Днем еще было так тепло, что вода в уличном дачном душе – железный остов посреди ежевики закутан в пластиковую душевую занавеску, с огромным пятидесятилитровым баком на крыше – лилась совсем горячая. Мокрая кожа только на секунду покрывалась мурашками, чтобы тут же высохнуть под солнцем – оно сочилось теплом через зазор между занавеской и крышей. Когда выходишь из уличного душа – не спеша, медленно спускаясь с приступочки, – надо откинуть занавеску и повесить ее на крючочек. Чтоб кабинка просохла.
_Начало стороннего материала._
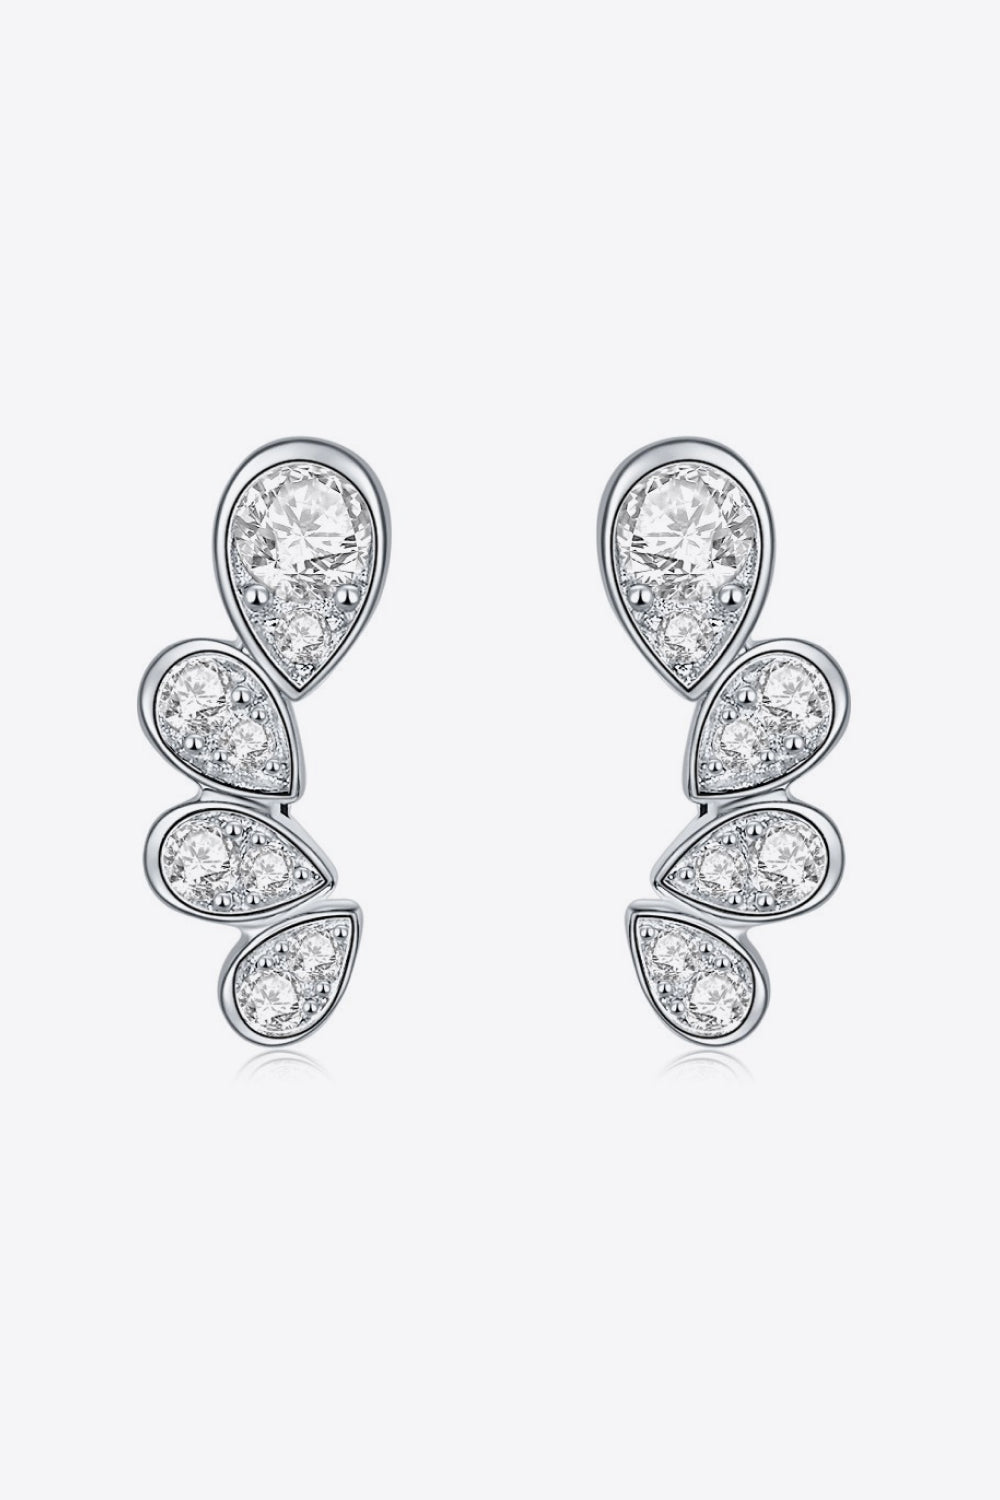 Pear Shape Moissanite Earrings - Earrings - FITGGINS

А потом два медленных шага вперед, к дому.
И отчего это в глазах у папы и бабушки с дедушкой, которые смотрят на меня, – смертельный ужас? Мне легко – как не было легко никогда в жизни. Еще полшага – и за спиной, туда, где я только что прошла, обрушиваются и железная кабинка, и громоздкий пятидесятилитровый бак.
Потом папа бегает вокруг, руки у него трясутся – «как же так, там же ножки вкопаны в землю, там же бетон», – а мне удивительно покойно. Словно я перешла какую-то новую черту – и только легким холодом, будто ног коснулся весенний ветер, – отзывается во мне осознание того, что смерть сейчас, вот только что, постояла совсем рядом, приобняв за плечи, и ушла, тихо улыбаясь.
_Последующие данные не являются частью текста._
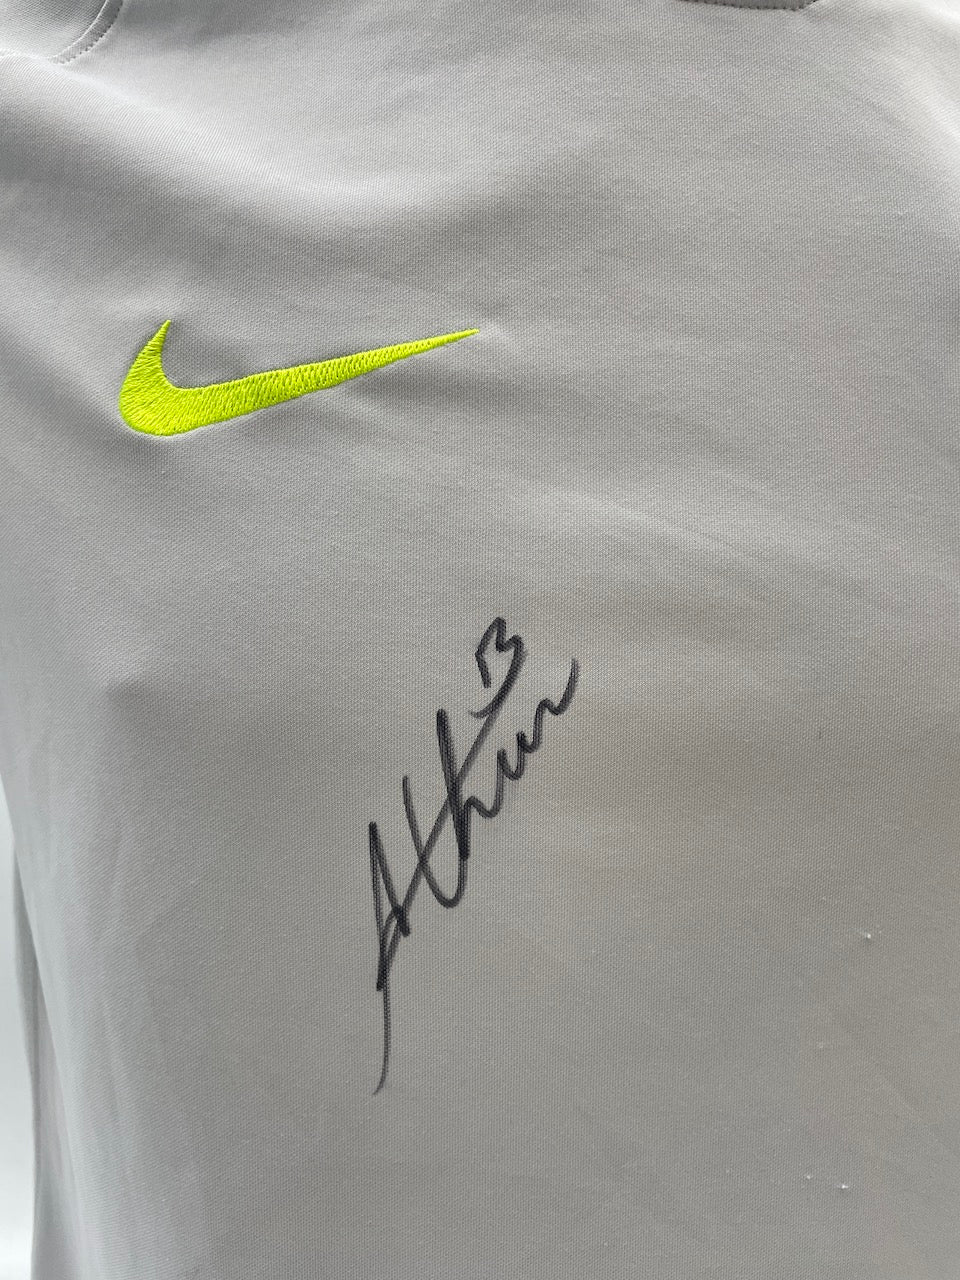 Brasilien Shirt Arthur signiert Neu Unterschrift Autogramm COA handsigned M

Одиночество накрывает особенно сильно, если сидеть на бугре, над шоссе, как в детстве, вечером, глядя, как жизнь – чужая жизнь, кажущаяся тепепрь лучше твоей, – проносится мимо в машинах. А на горизонте россыпью огней – города, где, уже освещенные лампами, живут квартиры, маленькие и большие, где на кухне – горячий ужин и после долгого дня все собираются за столом.
– Мы приходим одни. И уходим тоже одни. И всю жизнь одни – на самом деле просто стараемся себя обмануть тем, что одиночество – ненормальное человеческое состояние, – подытожила Маринка.
Мы с Маринкой дружим с пяти лет. Я помню еще, как она – пухлощекая девочка – неуклюже старалась пройти по бревну так, чтоб не упасть. Вот она раскидывает руки, хватаясь за воздух, – а толстенькая нога в растоптанной галоше нащупывает дорогу на узком бревне.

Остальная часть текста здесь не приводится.